Казалось, одного Эйдолона не коснулось оцепенение, поразившее всех, кто пережил атаку эльдарских автоматонов, он пошел к Фулгриму, как только тот спустился к краю шахты. Едва ноги Фулгрима коснулись поверхности, Люций почувствовал дрожь, пробежавшую сквозь планету, словно мир восставал против этого касания. Это было похоже на столкновение двух тектонических плит, где-то глубоко под землей, и высвобожденная сила их столкновения с нарастающей мощью шла к поверхности.
Люций хотел двинуться, подойти ближе к примарху, но он едва мог справляться даже со своим сердцем. Его тело понимало то, что не понимали его собственные желания.
Это был момент рождения, и как все подобные моменты, это был очень личный момент.
Эйдолон достал из-под плаща клинок, серый, тускло-блестящий меч, который Люций узнал мгновенно. Это было оружие, которым обычный воин мог победить бога, оружие, которое в древние времена называли заколдованным.
«Анафем» — был тенью меча, который по слухам был похищен из Зала Изобретений на Ксенобии. Лезвие его было сколото и укорочено до размеров гладиуса простого солдата капелланом XVII легиона, никто не знал для каких целей, это было сделано. Эйдолон поднял меч на уровень глаз Фулгрима и произнёс слова, которые Люций расслышать не смог. Примарх кивнул, и Эйдолон вонзил меч в бок Фулгрима.
Дети Императора закричали как один, но удивительная сила, распространявшаяся от блаженной фигуры Фулгрима, удержала их на месте.
— Тот, что был мёртв, приведет меня в жизнь! — закричал Фулгрим, боль в его голосе наполнила глаза Люция слезами, — Тот, который восстал, будет свидетелем моего перерождения! Эйдолон кружился вокруг примарха и наносил новые удары, каждый раз погружая клинок по рукоять. Кровь хлестала из Фулгрима, и его лицо выдавало агонию, которую он испытывал при каждом ударе. Эйдолон убрал окровавленное оружие в ножны и встал перед Фулгримом. Обеими руками он взялся за края первой раны и раздвинул её.
Фулгрим запрокинул голову и издал рев ярости, который посрамил бы Ангрона, столько свирепости было в него вложено. Даже когти мясников никогда не вызывали такой вой боли из живого существа, и Люций поклялся убить Эйдолона, за то, что он заставил так мучиться примарха.

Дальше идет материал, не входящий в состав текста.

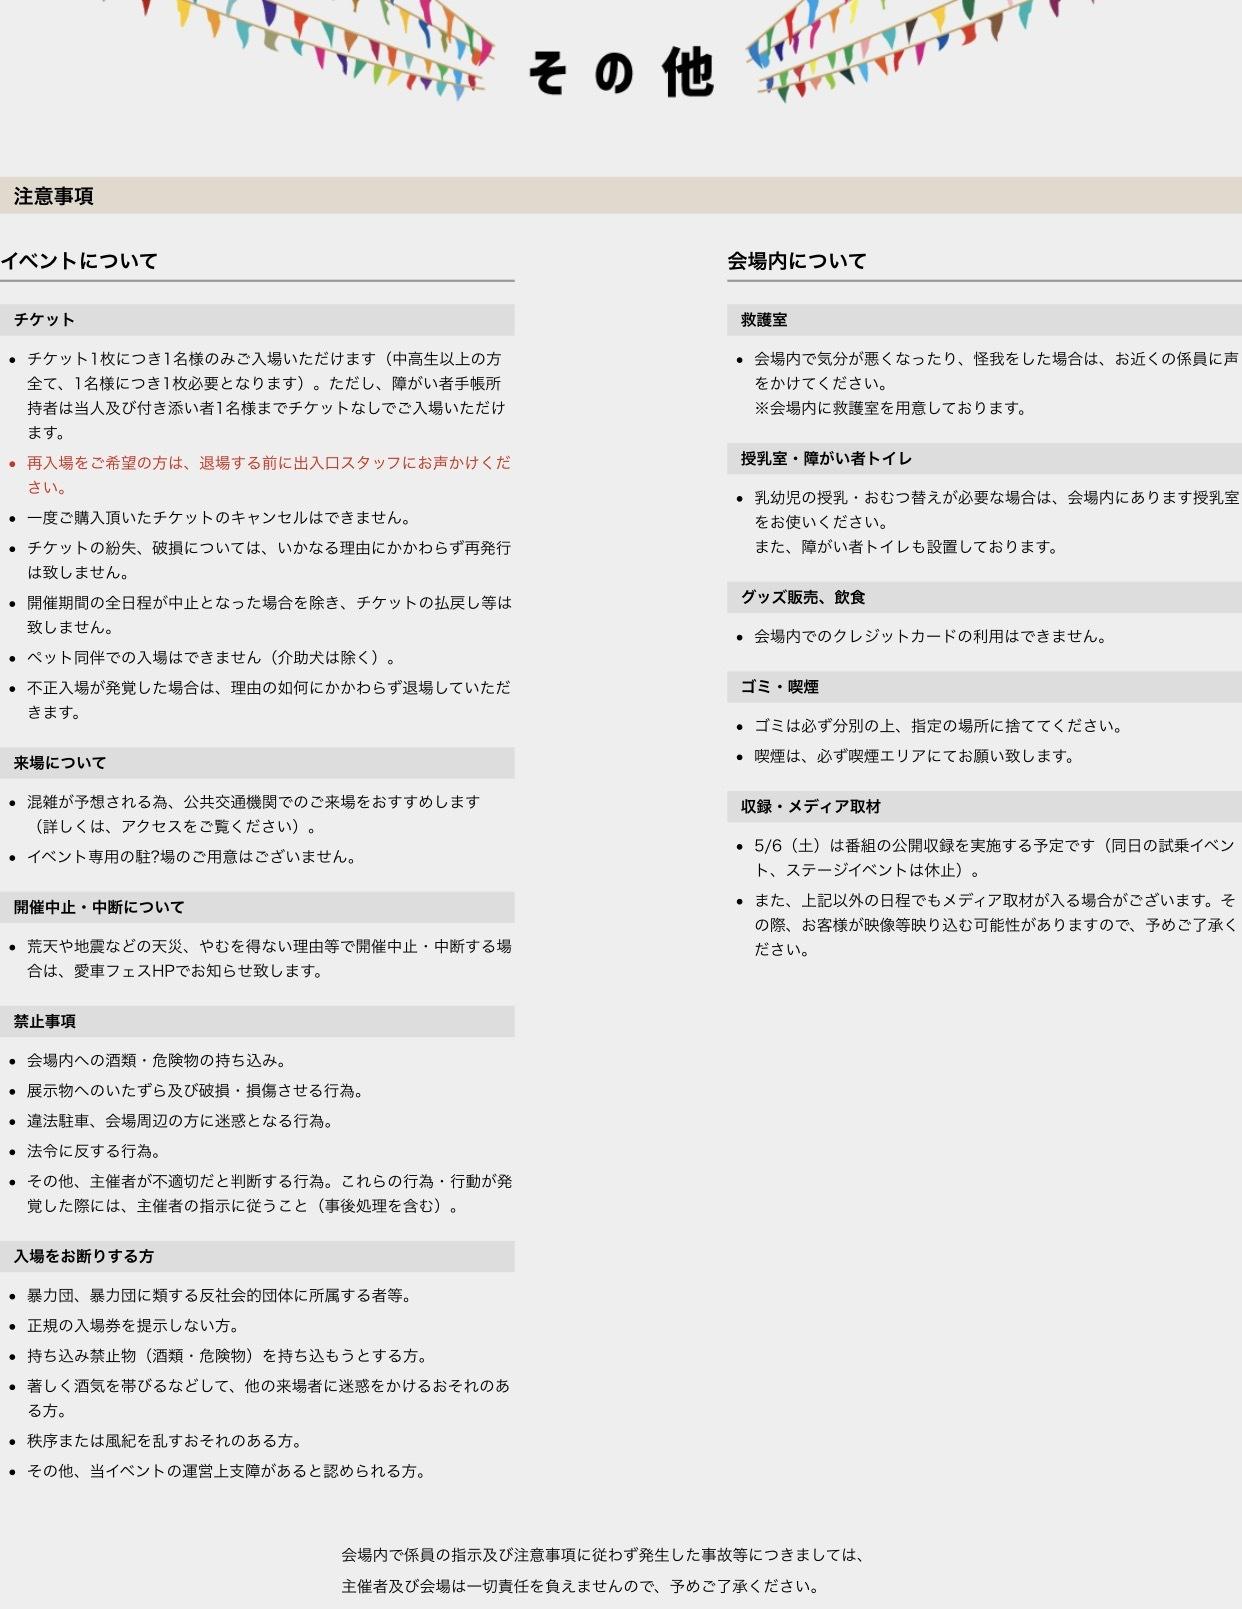 GO! GO! 5月!!  〜ライブスケジュール〜_f0115311_02344992.png

Но Эйдолон ещё не закончил. Он стал обходить Фулгрима по кругу, открывая окровавленными перчатками каждую рану, пока, в итоге, примарх не зашатался на ногах, едва удерживаясь от падения. Раны его не заживали, его усиленный метаболизм продолжал бесполезную борьбу с повреждениями. Каким целям служили эти увечья, Люций постигнуть не мог, но чтобы это ни было, оно подходило к концу, он чувствовал, как растущая сила затапливает зал. Эта сила наконец-то освободилась, чтобы обрушиться на мир, чьи мёртвые часовые сдерживали её веками. Плоть его отозвалась на это присутствие, кожа сморщилась, по нервам прокатилась волна трепетного блаженства и отвращения.

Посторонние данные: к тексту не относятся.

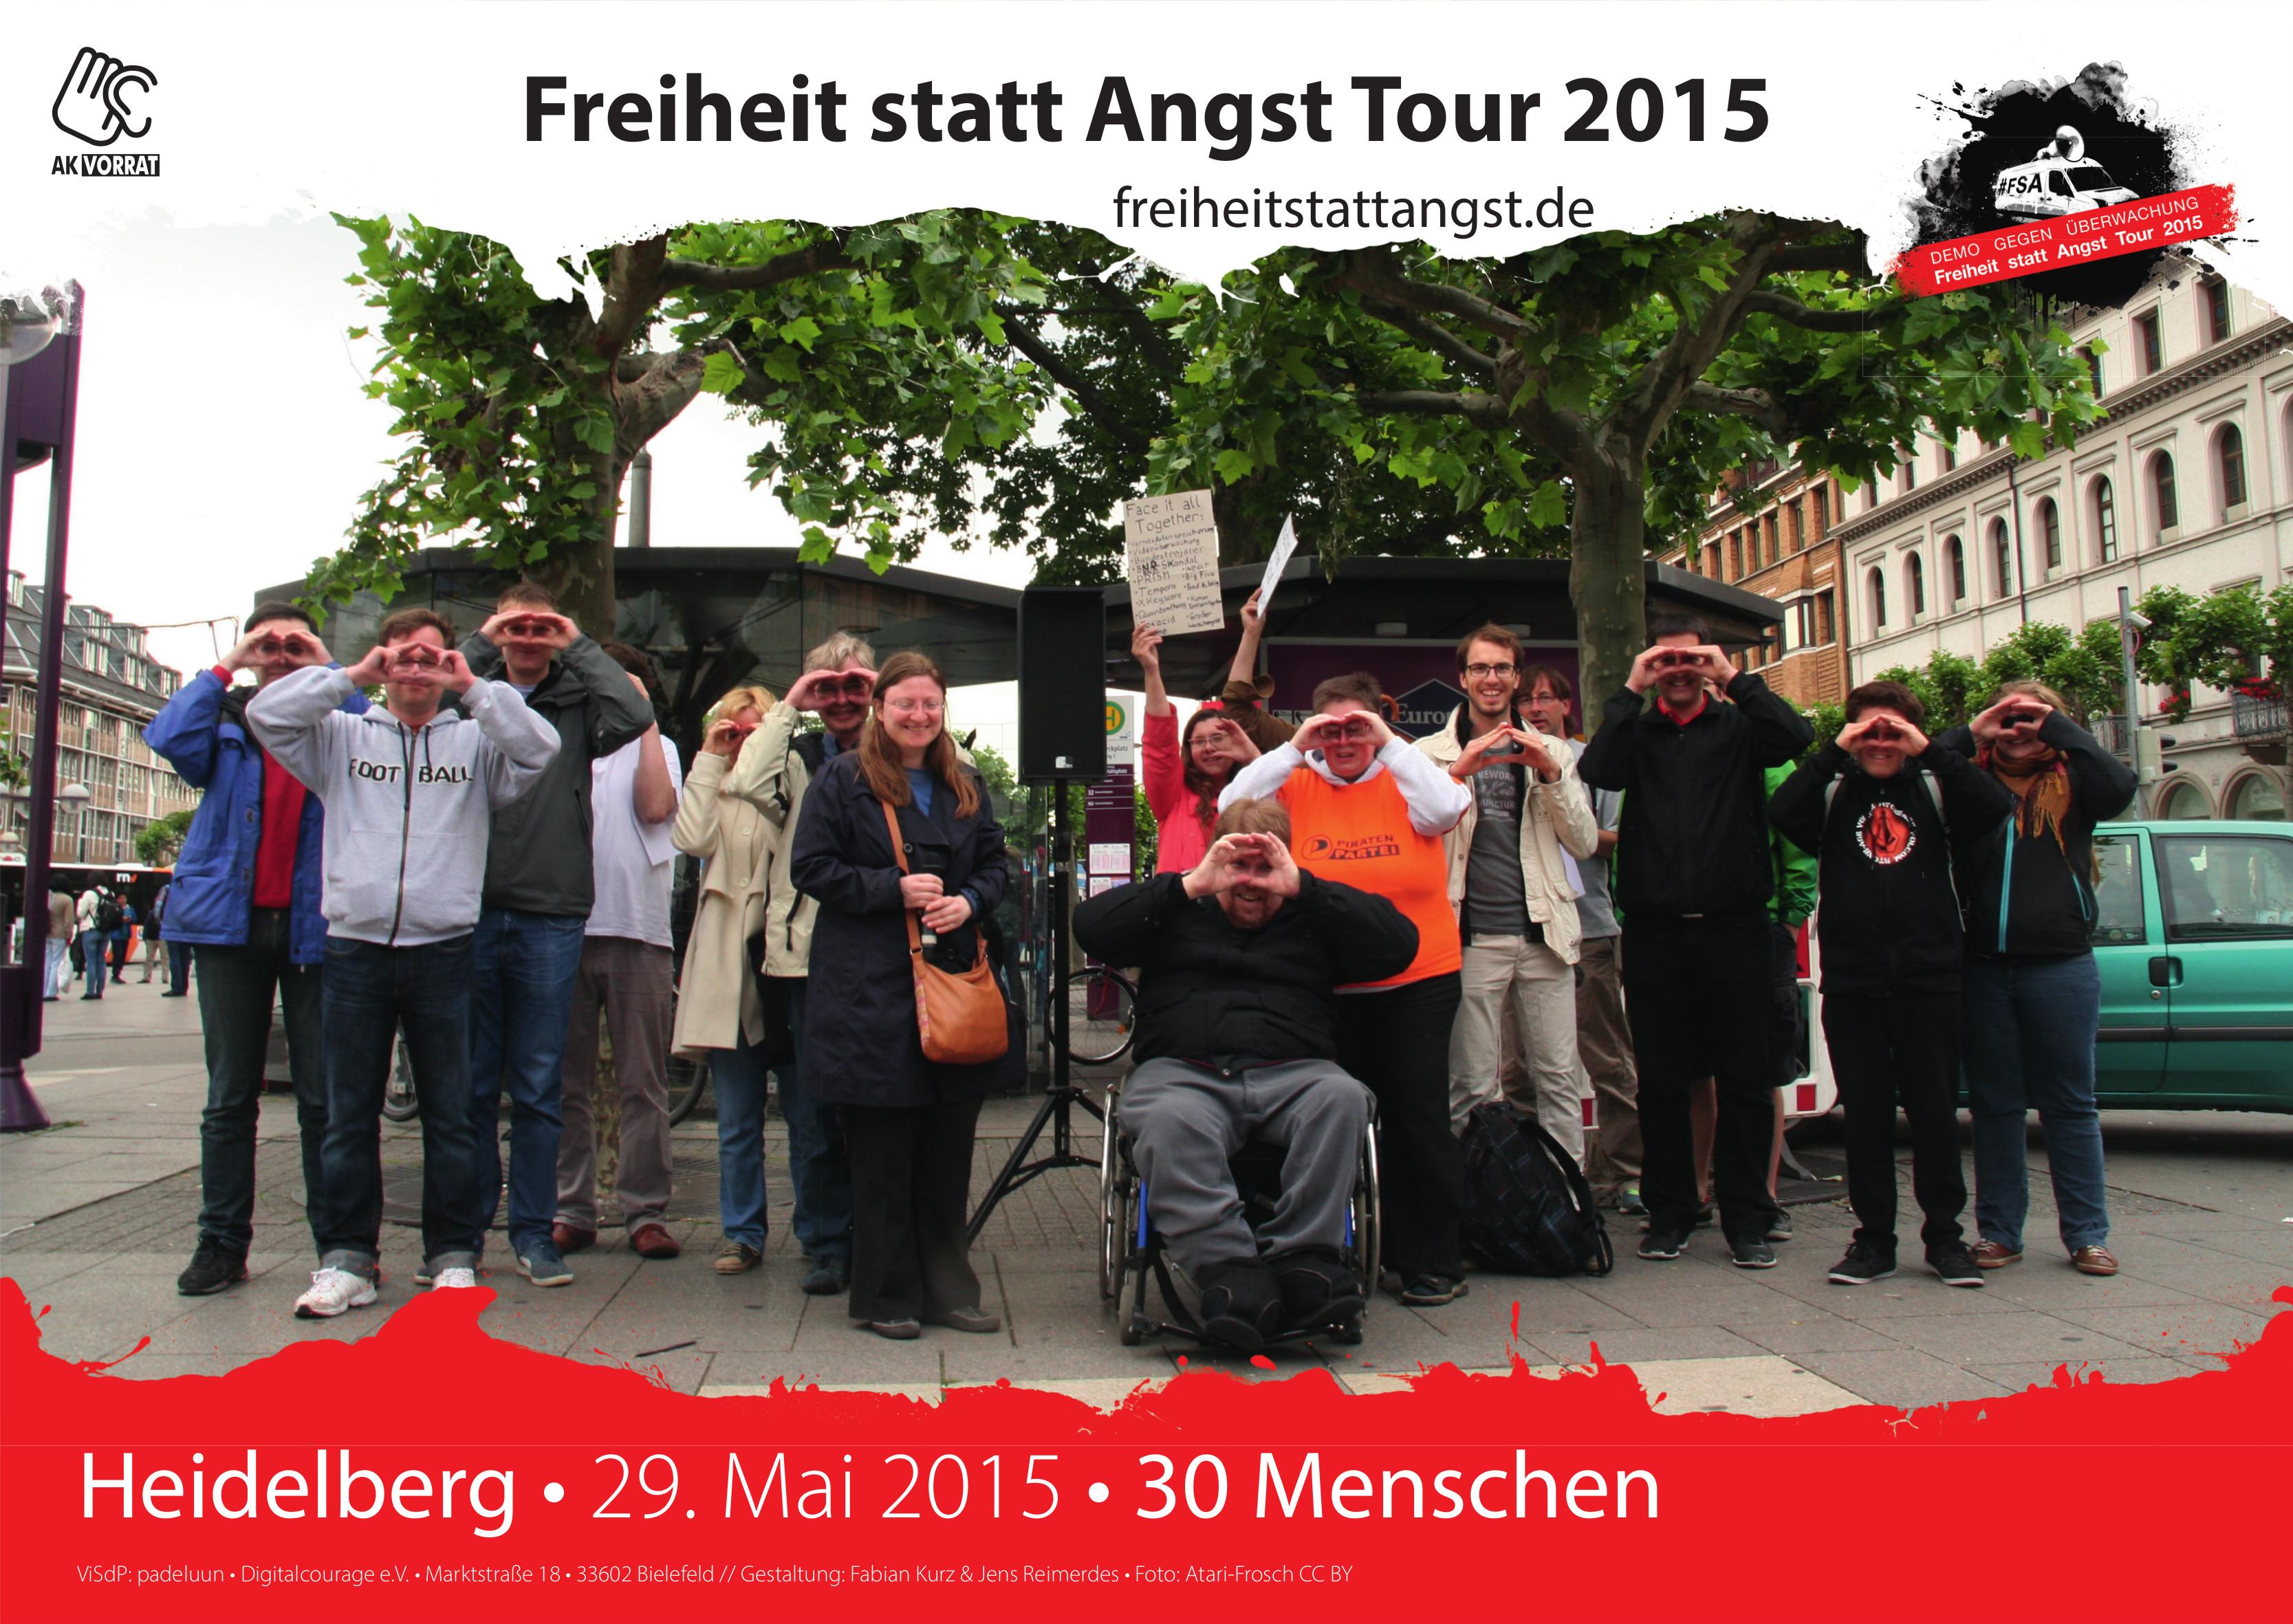 Heidelberg am 29. Mai 2015.

Мощное чувство предвкушения наполнило его, как в тот день, когда капитаны Легиона ожидали Фулгрима в засаде в Галерее Мечей, только в этот раз оно было отточенное как бритва. Это было похоже на мгновение перед ударом молнии, удар сердца перед попаданием пули, крошечную паузу перед ударом десантной капсулы о землю. В любой момент, сила, которую ранее не видели ни смертные, ни те, кто был после них, ни кто бы то ни было вообще, проявит себя полностью. Люций абсолютно точно знал, что именно это привело к фактическому вымиранию эльдар. Они вели поиски, чтобы достигнуть великолепия, но в итоге их самих заполучили.
— Сделай это, — сказал Фулгрим Эйдолону, лицо его было в слезах.

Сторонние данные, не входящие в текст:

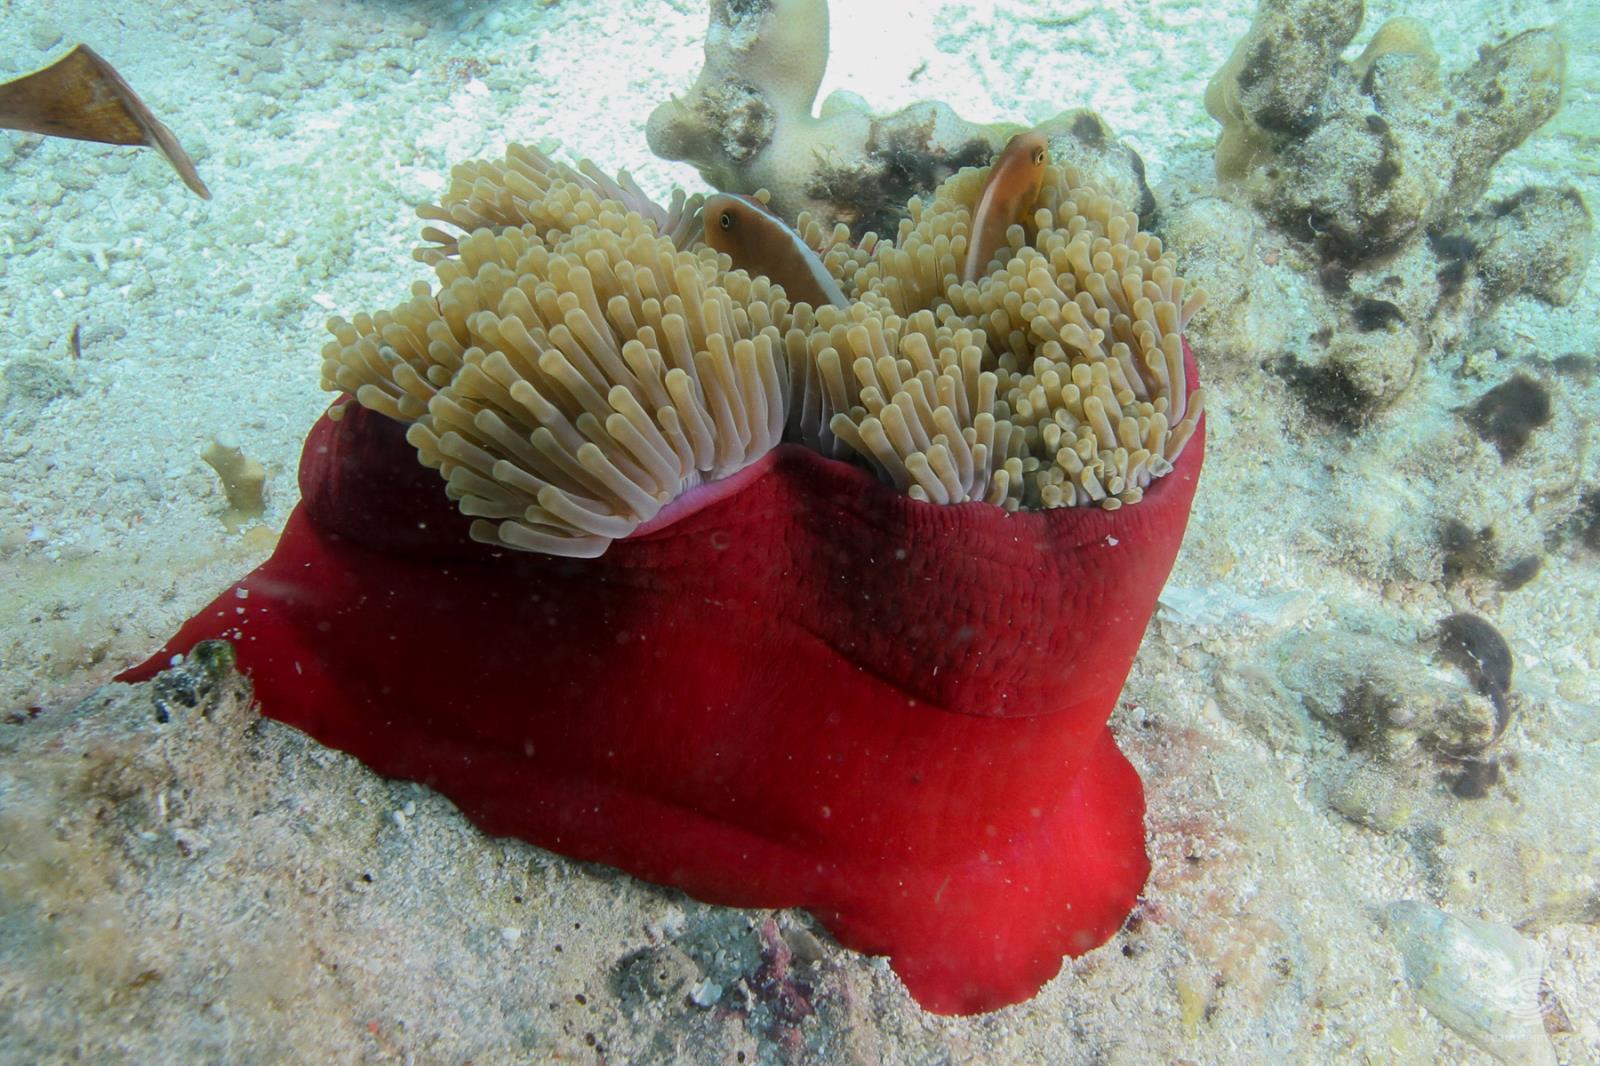 magnificent anemone, Heteractis magnifica Tanzania diving6

Эйдолон кивнул и поднял руку. Скопление камней душ, из числа паривших в высоте, сдвинулось с места и поплыло по воздуху к нему. Он выдернул их из воздуха и вдавил в раны, нанесенные им самим примарху. Люций ощутил маленькие вспышки ужаса и отчаяния, но каждая быстро угасала, по мере того как Эйдолон призывал всё больше камней и впихивал их в тело Фулгрима. Сначала десяток, потом ещё десяток, потом больше и больше, пока не стало казаться, что больше уже не влезет.
— Не надо больше, — взмолился Фулгрим, но Эйдолон покачал головой.
Фулгрим рыдал и выл, но на каждую мольбу прекратить, Эйдолон впихивал новые камни в раны.
Наконец, Эйдолон закончил, и Люций позволил себе протяжный судорожный выдох.
— Ещё один, — прохрипел Фулгрим, — Камень-магетар.
Эйдолон замялся, кружа вокруг своего израненного примарха, осматривая каждую окровавленную щель на его доспехах.
— Быстрей! — вскричал Фулгрим, — Это должно произойти сейчас! Последняя составляющая моего возвышения!
— Я не вижу его, повелитель. — сказал Эйдолон.
— Он там! — завопил Фулгрим, — В нагруднике.
И тогда пространство зала прорезал голос, скрипучий и грубый, как железо, трущееся о камень.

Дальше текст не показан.